Rock ‘N Roll Revival

by

Fifth Estate # 79, May 15-28, 1969

The Michigan music scene will rock on over the Memorial Day weekend with the First Annual Detroit Rock and Roll Revival.

Rather than hire performers at random out of the Billboard charts or the record ads in Rolling Stone, producer Russ Gibb, of the Grande Ballroom maintains that rock and roll is the true culture of America’s youth, and must be presented as such.

“There’s more to it than just a hodgepodge of fly-by-night superstars,” Gibb says, “and a festival should be a total educational experience for the people who attend, not just a movie matinee with all the stars. We’re trying to create an event and situation that will be just that.”

The Monterey Pop Festival gave rock and roll its final accreditation. The music industry had to take notice, as this lightly publicized youth cultural event drew more people and attracted more press and discussion than all the Judy Garlands, Frank Sinatras and Bing Crosbys could hope to muster.

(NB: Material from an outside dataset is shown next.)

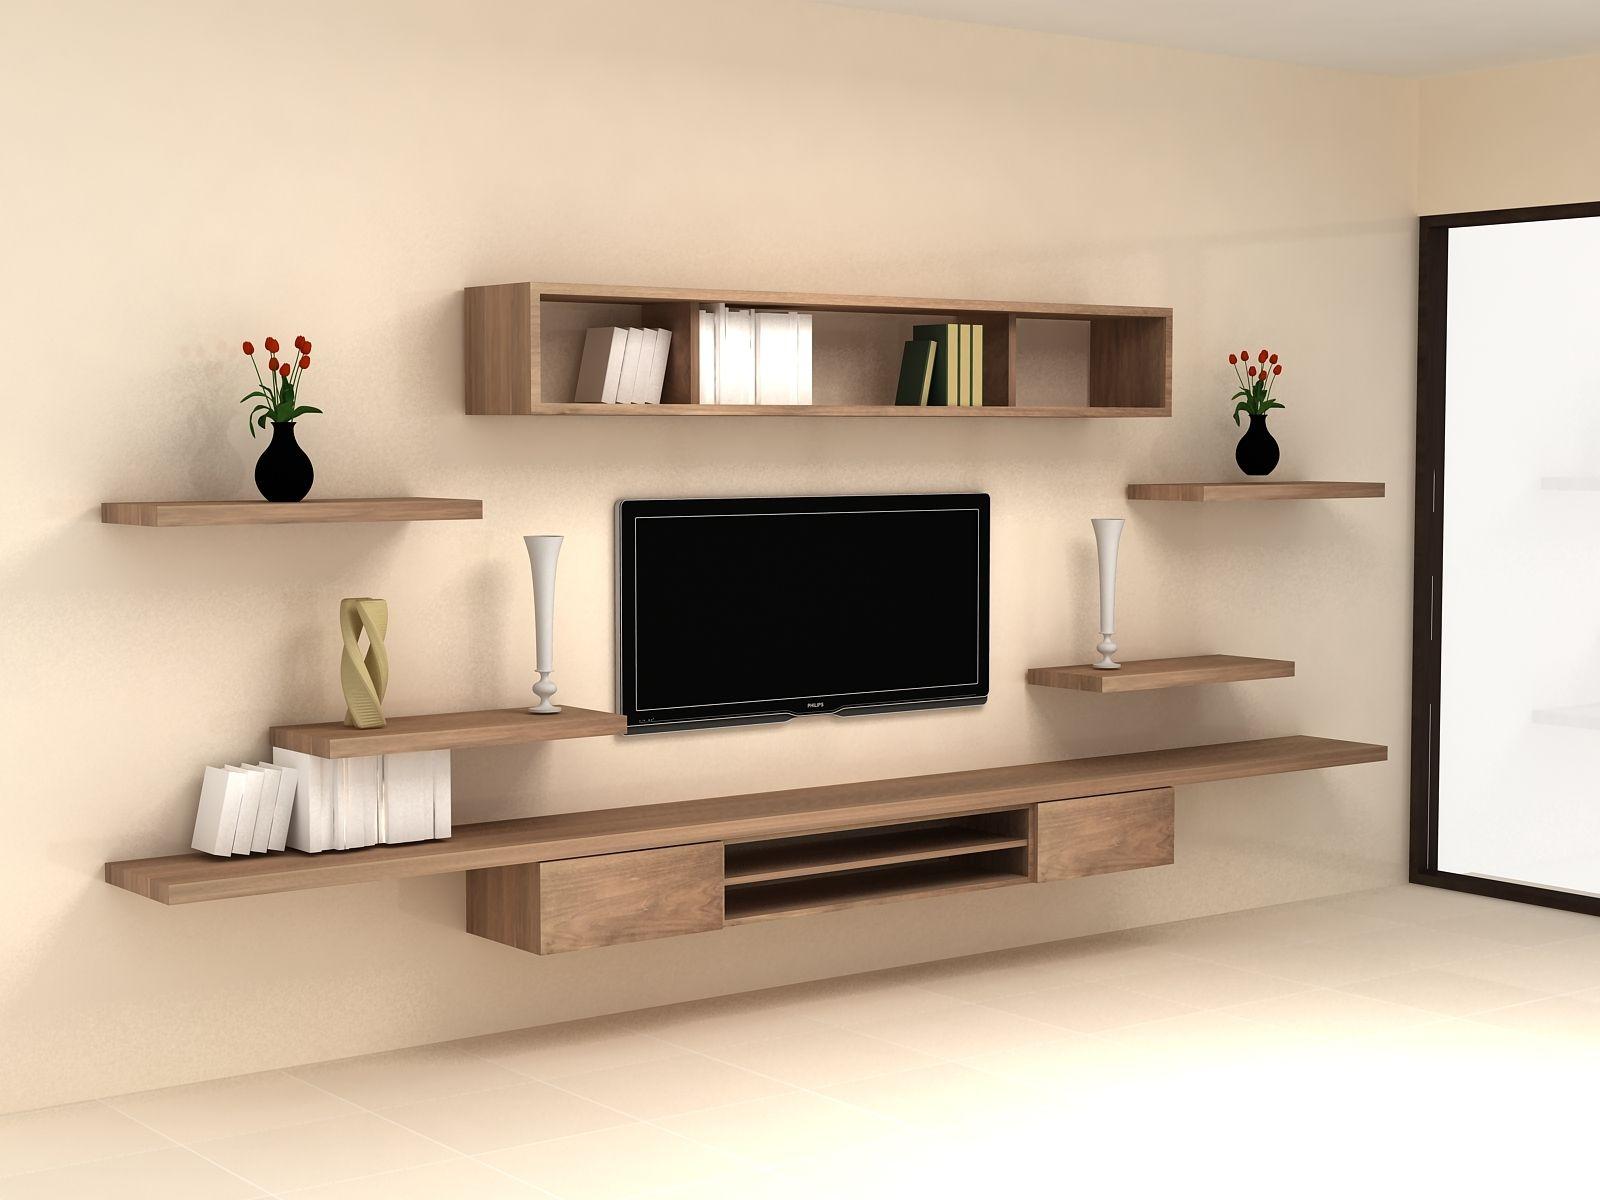 Wall Tv Cabinet Ideas Living Room Tv Wall Wall Mounted Tv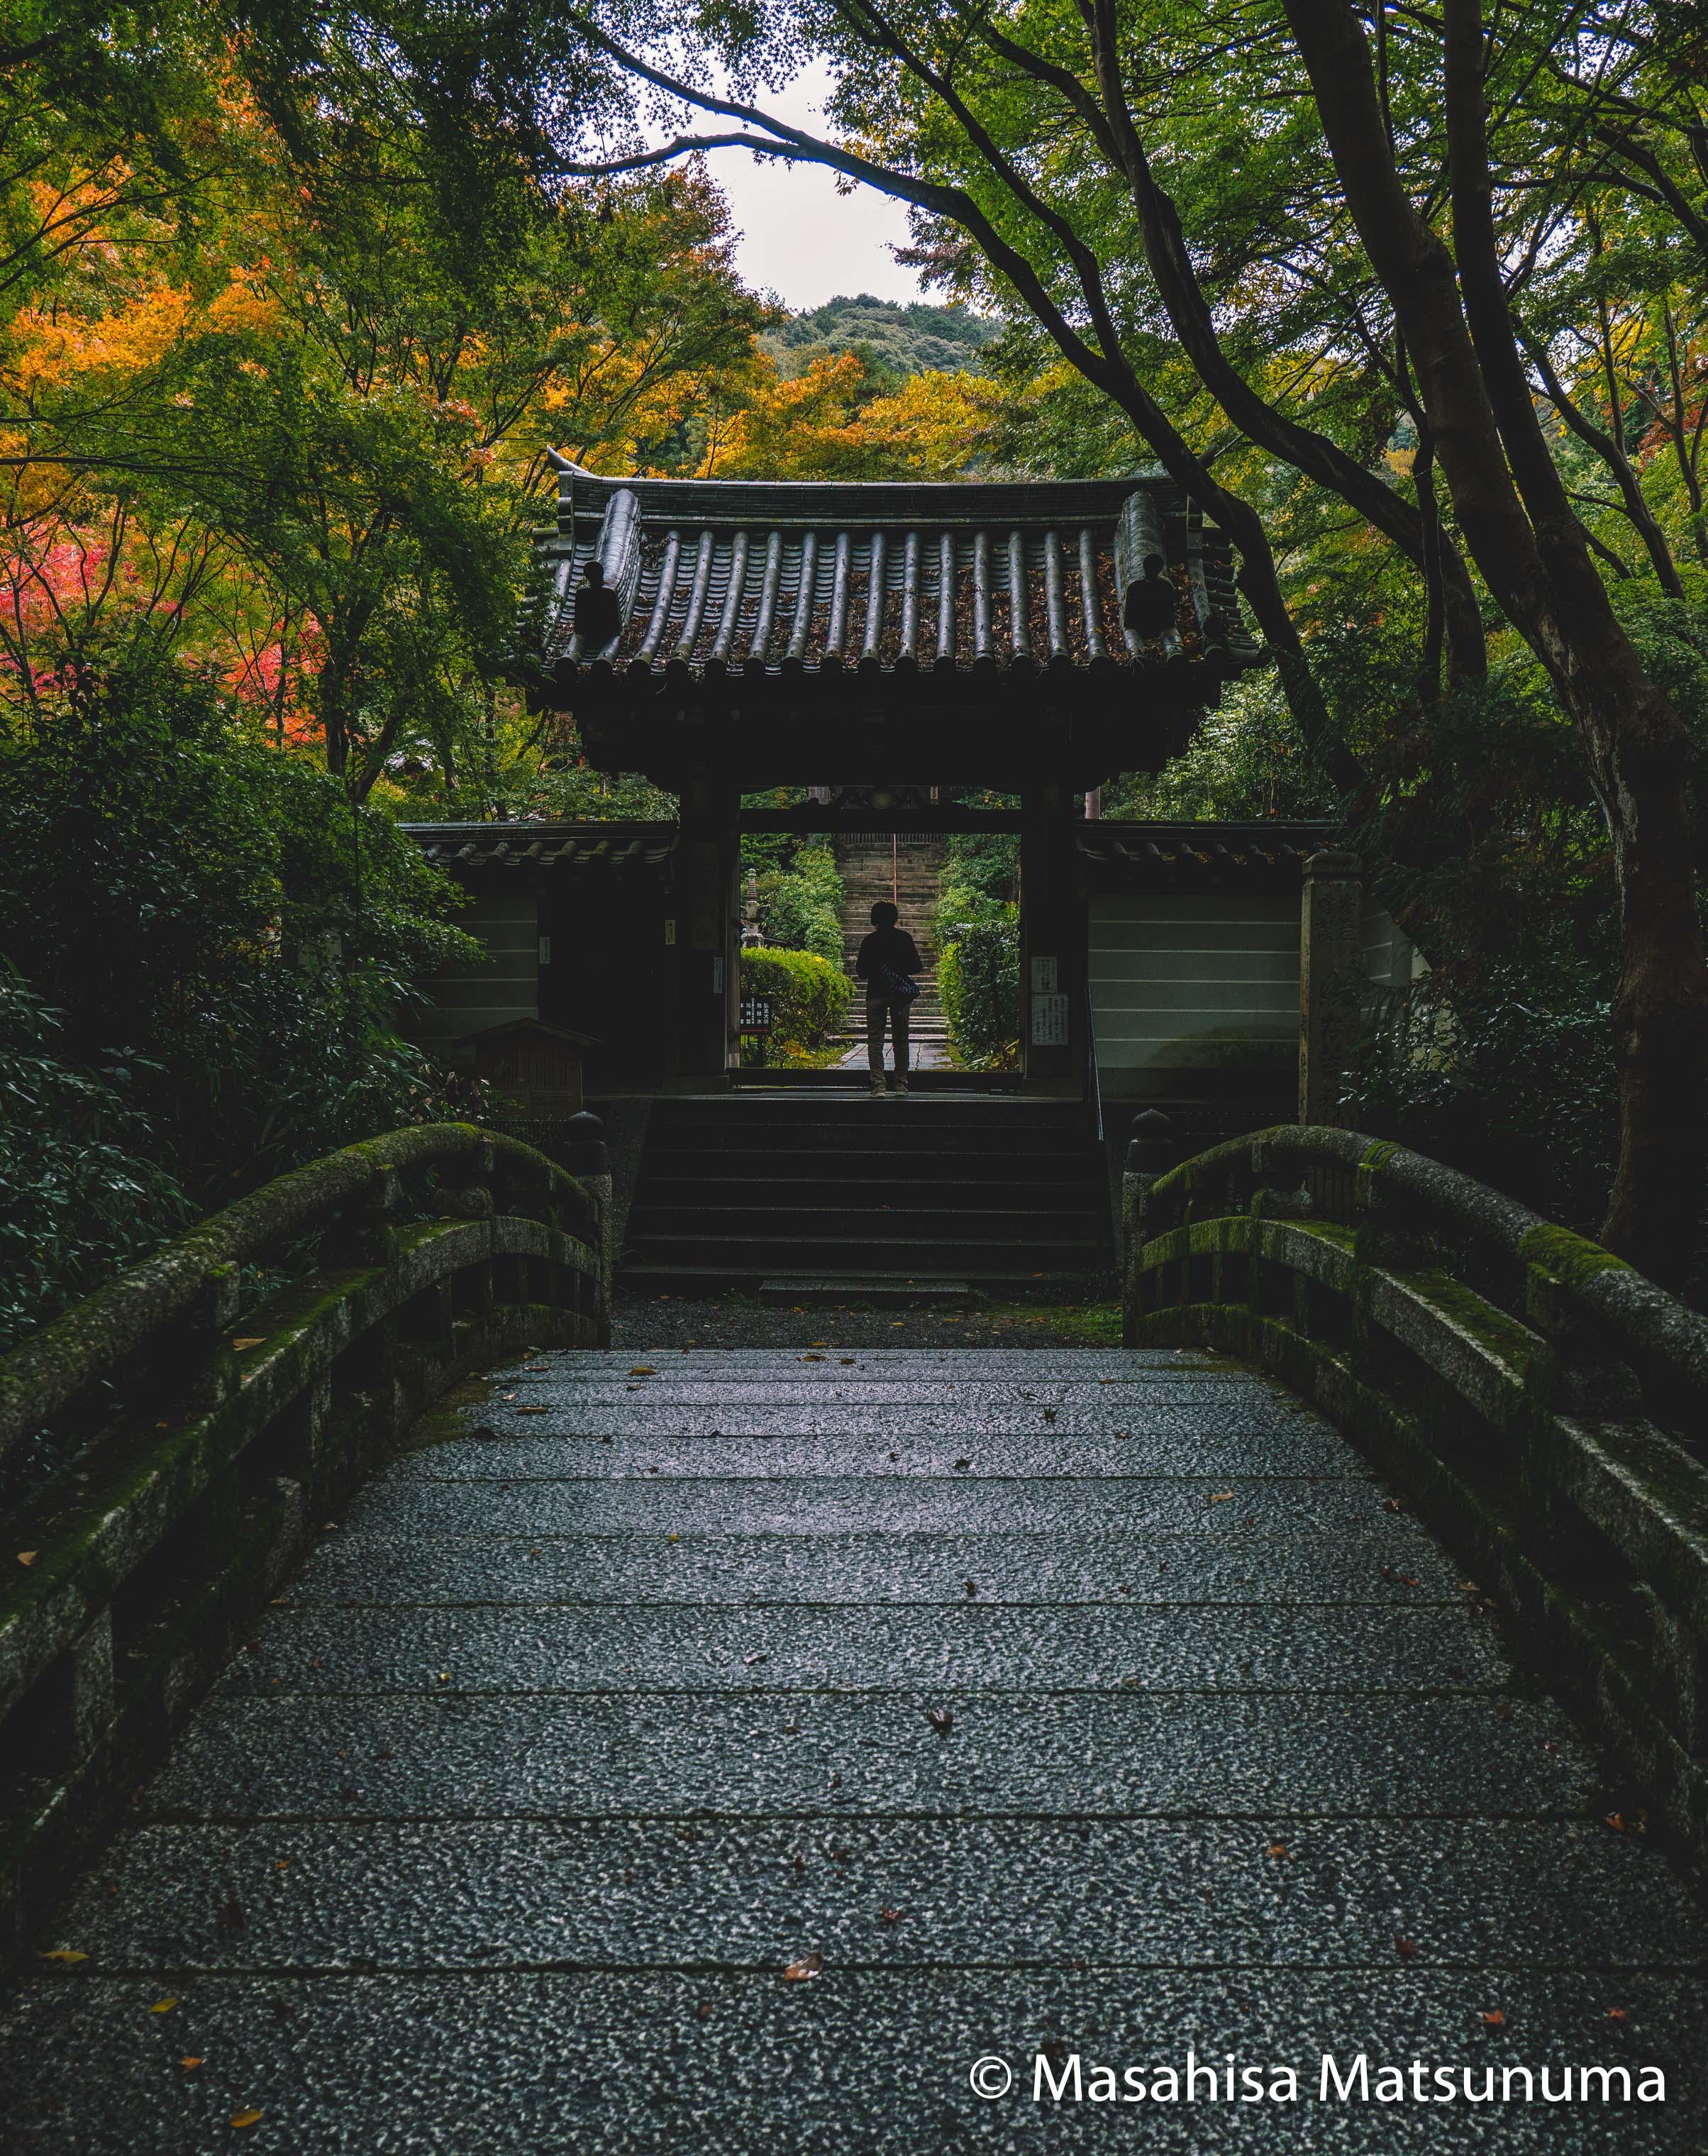 Sennyu-ji Kyoto 来迎院 泉涌寺 京都

The magnitude of the Monterey success can best be comprehended in the light of its influence on the concert form: virtually every fair to middling American city where the kids dig rock and roll music has had its Pop Festival.

The great majority of these festivals fell far short of the original because of greedy promoters too interested in making a quick buck and not enough concerned with staging a true cultural event.

This year’s festival will reverse the trend toward strings of record company hype bands and return the feeling of FESTIVAL to the rock and roll summer scene.

In booking the Revival, Gibb has chosen his acts carefully, inviting only a handful of “name” bands, and concentrating on the incredible array of genius and talent that has developed in the Detroit area in the three years since the Grande opened.

The headliners were chosen with care: from the father of rock and roll himself, Chuck Berry (who recently turned the Grande into a revival meeting all by himself), to the unbelievable space sounds of Sun Ra and his Myth-Science Arkestra; from the high energy music of Detroit’s own MC5 to the Cajun rock of Dr. John the Night Tripper (making his first appearance north of New Orleans); from the much publicized albino blues of Johnny Winter to the funk-a-delic maniac assault of the Parliaments, the farthest out black vocal group in America today; from the pop British blues of Terry Reid to the baroque minstrelling of the New York Rock and Roll Ensemble; from the powerful jazz utterings of the Lyman Woodard Trio to the modern day street-folk-poet David Peel and the Lower East Side (who will not perform on stage during the two day event, but will wander through the people singing and strumming their raunchy broadsides.)

Equally important is the selection of Detroit and Michigan bands which include besides the MC5, the Stooges, the Amboy Dukes, SRC, Teegarden and VanWinkel, the Frost, the Rationals, the Lyman Woodard Trio, a soul-rock-jazz group, the Red White and Blues Band, the 3rd Power, Savage Grace, Caste, from Kalamazoo, Train, Sky, the Gold Brothers, and the Dutch Elm.

The Detroit Rock and Roll Revival will be held Memorial Day Weekend, May 30 and 31, from noon to midnight each day.

In keeping with the spirit of a Revival, the festival will be held on the Michigan State Fairgrounds, where an amusement park atmosphere of rides and refreshments will be created for the festivities.

Tickets will be held to $3.50 for each day’s performance. Advance estimates range from a minimum 15,000 people daily to over 30,000. (A Detroit Pop Festival held at Olympia Stadium the day after Easter and headlining the MC5, Amboy Dukes, SRC, and Frost, with 16 other bands participating drew over 16,000 people—the biggest Detroit rock crowd since the Beatles’ last trip to Olympia.)

The spirit of Detroit—the religious fervor that informs the youth of the Motor City and brings them together in shuddering orgasms of rock and roll frenzy—will be the real attraction, and the people will be there.

Hendrix Boo-Boo’s (sidebar)

Editors’ Note: Hendrix did the Cobo Arena number on Friday night, May 2nd. He was busted in Toronto on Saturday, May 3rd.

TORONTO—Jimi Hendrix was remanded in court here to face trial June 19 on a charge of illegally possessing narcotics.

Hendrix was arrested at the Toronto International Airport as he stepped off a plane. A few hours later he gave a concert to 10,000 at Maple Leaf Gardens after being released on $10,000 bond.

Police said they found four capsules of heroin in Hendrix’s possession.

Hendrix, dressed in a red hair band, purple shirt, crimson pants and a cape was four hours late for his court appearance. Teenagers filled the courtroom during his three-minute appearance.

Hendrix was charged under his real name, James Marshall Hendricks and gave his address as New York City.